The fire at Chester Zoo was caused by an electrical fault, and resulted in the deaths of some birds, fish and insects at Monsoon Forest.

Chester Zoo used a £200,000 pot of money called the Monsoon Forest Fund to rebuild Monsoon Forest after a fundraising page raised more than £220,000 in one week.

The fund was also put to use across the forest islands of South East Asia and at Chester Zoo to help prevent the extinction of some of the region’s most threatened species.

Visitors can now return to the popular area and explore the dense jungles of South East Asia, immersing themselves in the sights, sounds and smells of Monsoon Forest.

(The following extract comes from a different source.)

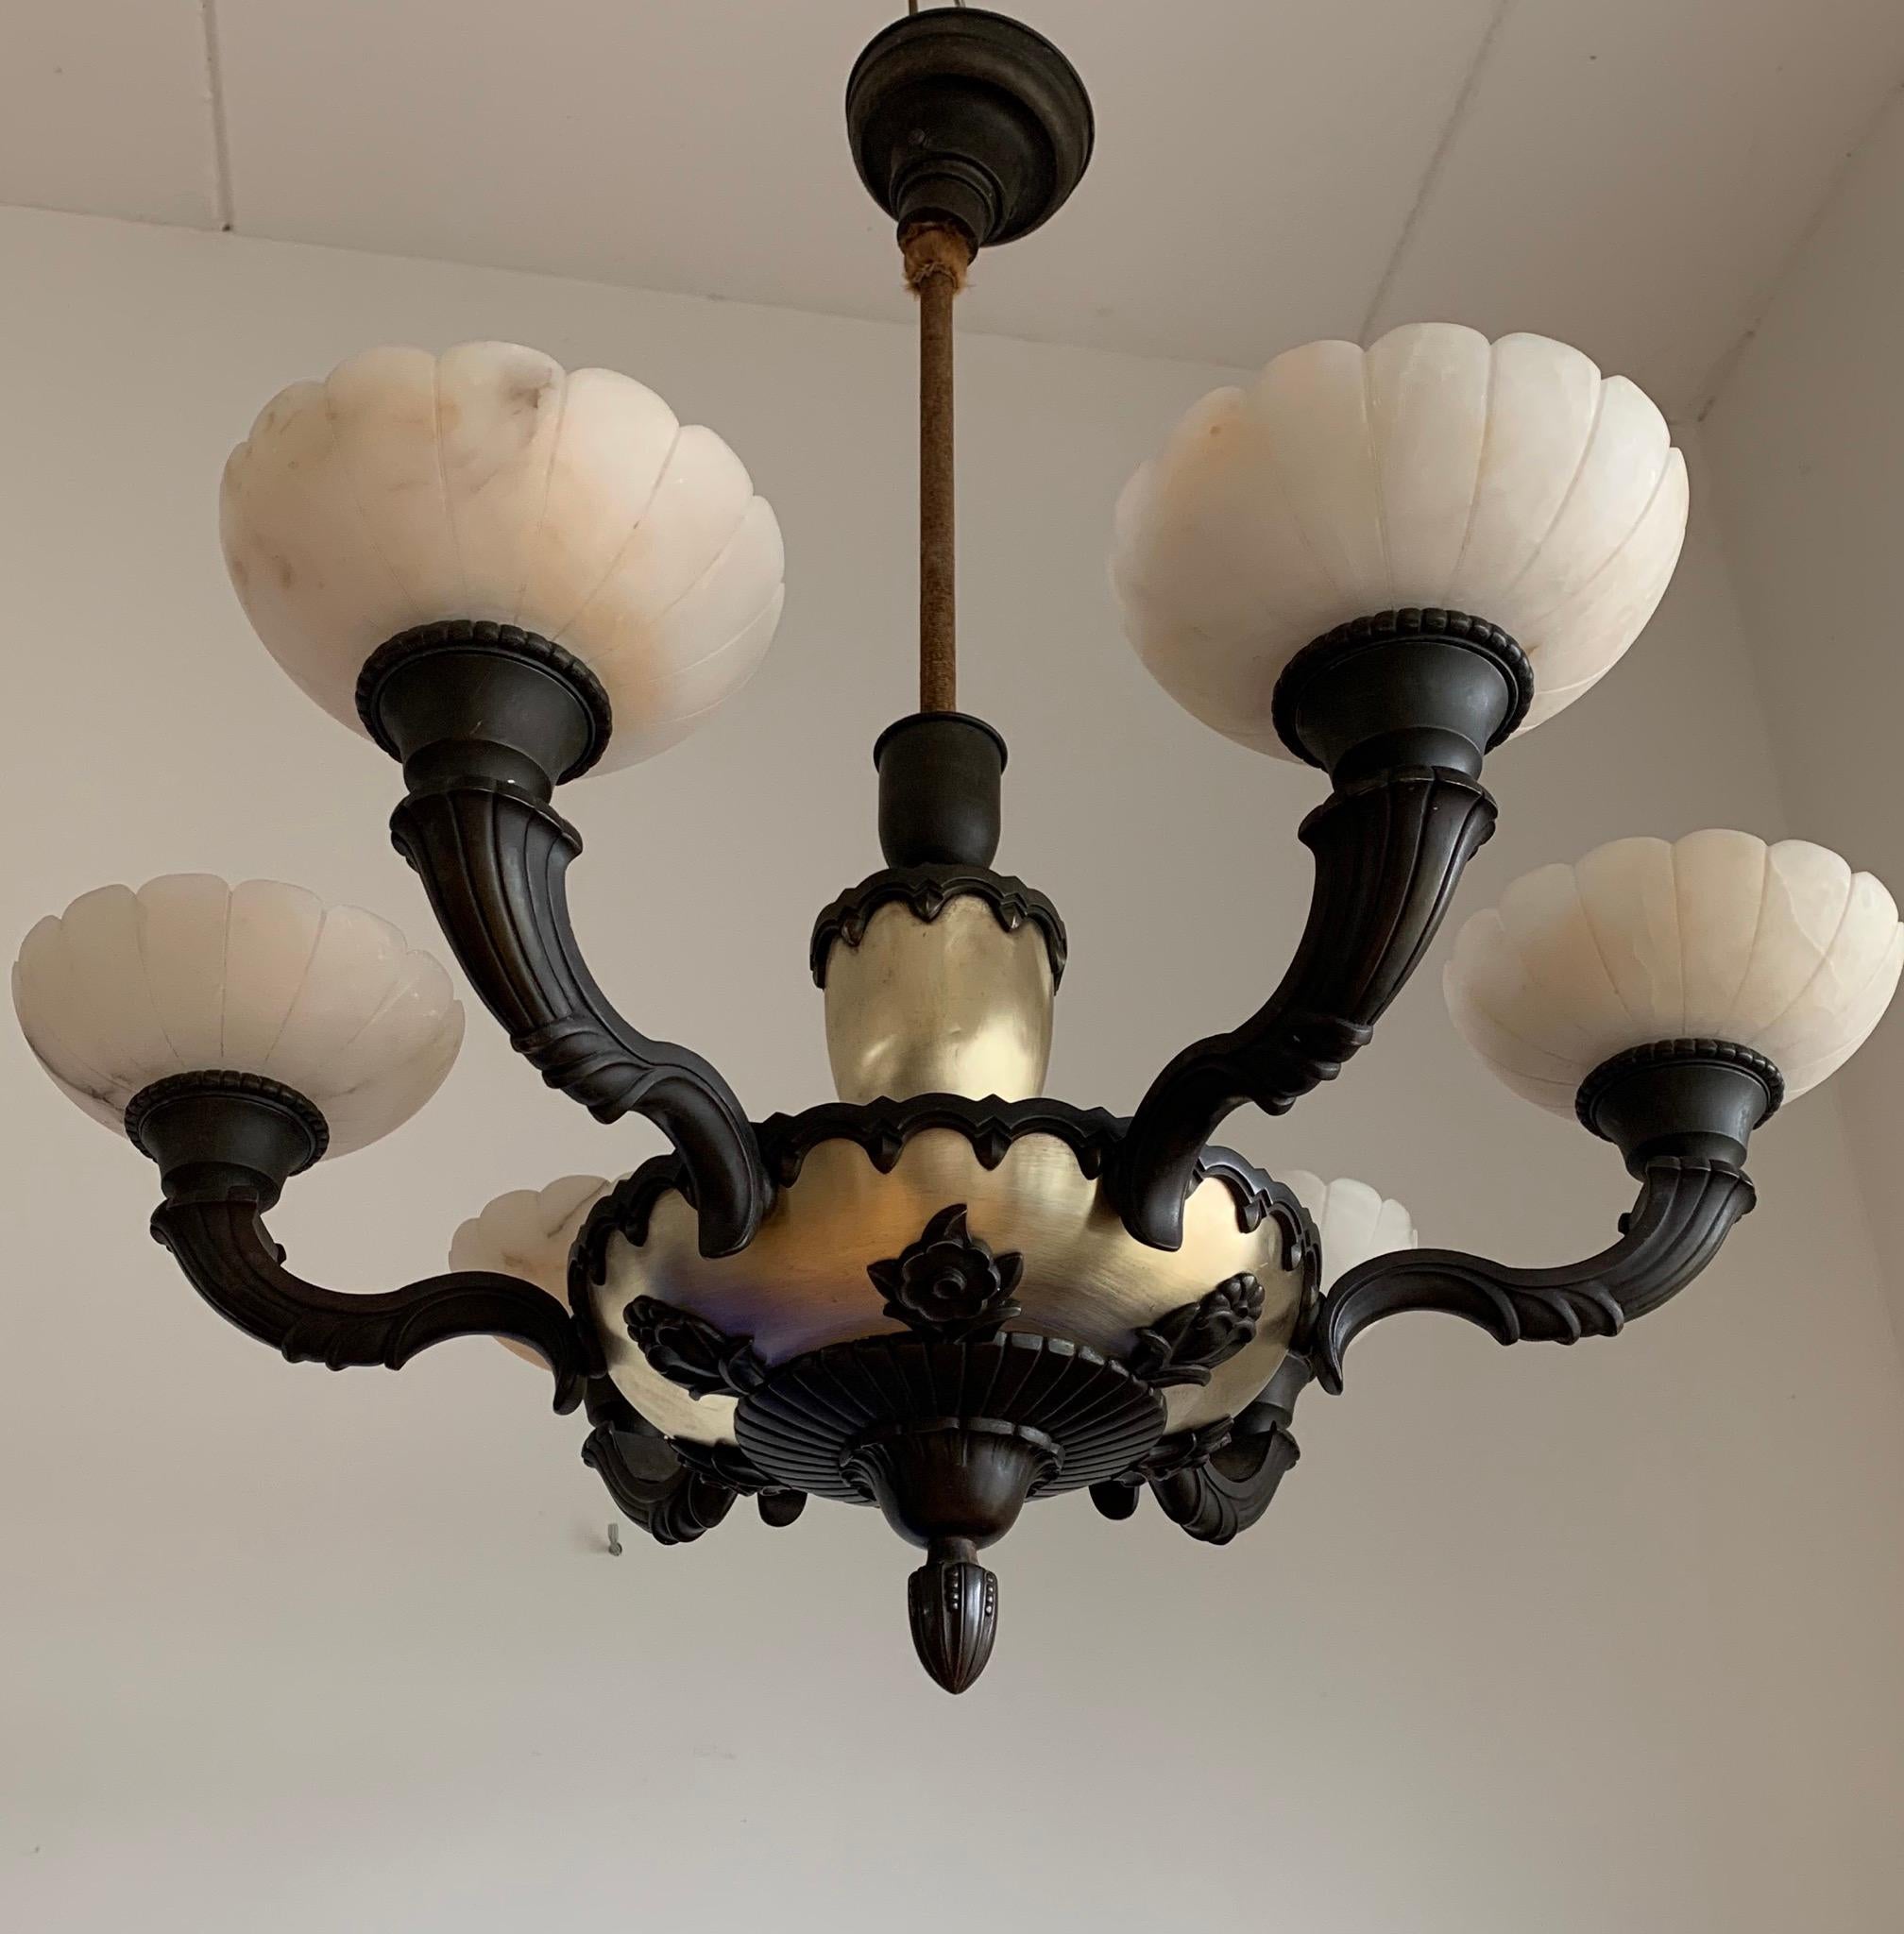 Stylish 1920s Art Deco White Alabaster and Bronze Arms Chandelier Light Fixture 1

Preventing extinction at Chester Zoo

The new area hosts 33 animal species, including rhinoceros hornbills and tentacled snakes, which cannot be seen anywhere else in the UK.

Monsoon Forest also features meat-eating plants, ancient gharials, rare and colourful birds, and a family of Sumatran orangutans.

Speaking about the restoration, chief operating officer Jamie Christon told BBC: “It’s been a painstaking process. Everything has had to come out of that building.

“There’s over 2,600 new plants and trees back in, all the soil and subsoil had to come out, all the roof had to come off and be replaced – so it’s been a long, arduous process, really.”

Explore the dense jungles of South East Asia

The Sumatran orangutans now have a restored and improved habitat, while the fund has also allowed for the development of an amphibian exhibit focusing on species from South East Asia.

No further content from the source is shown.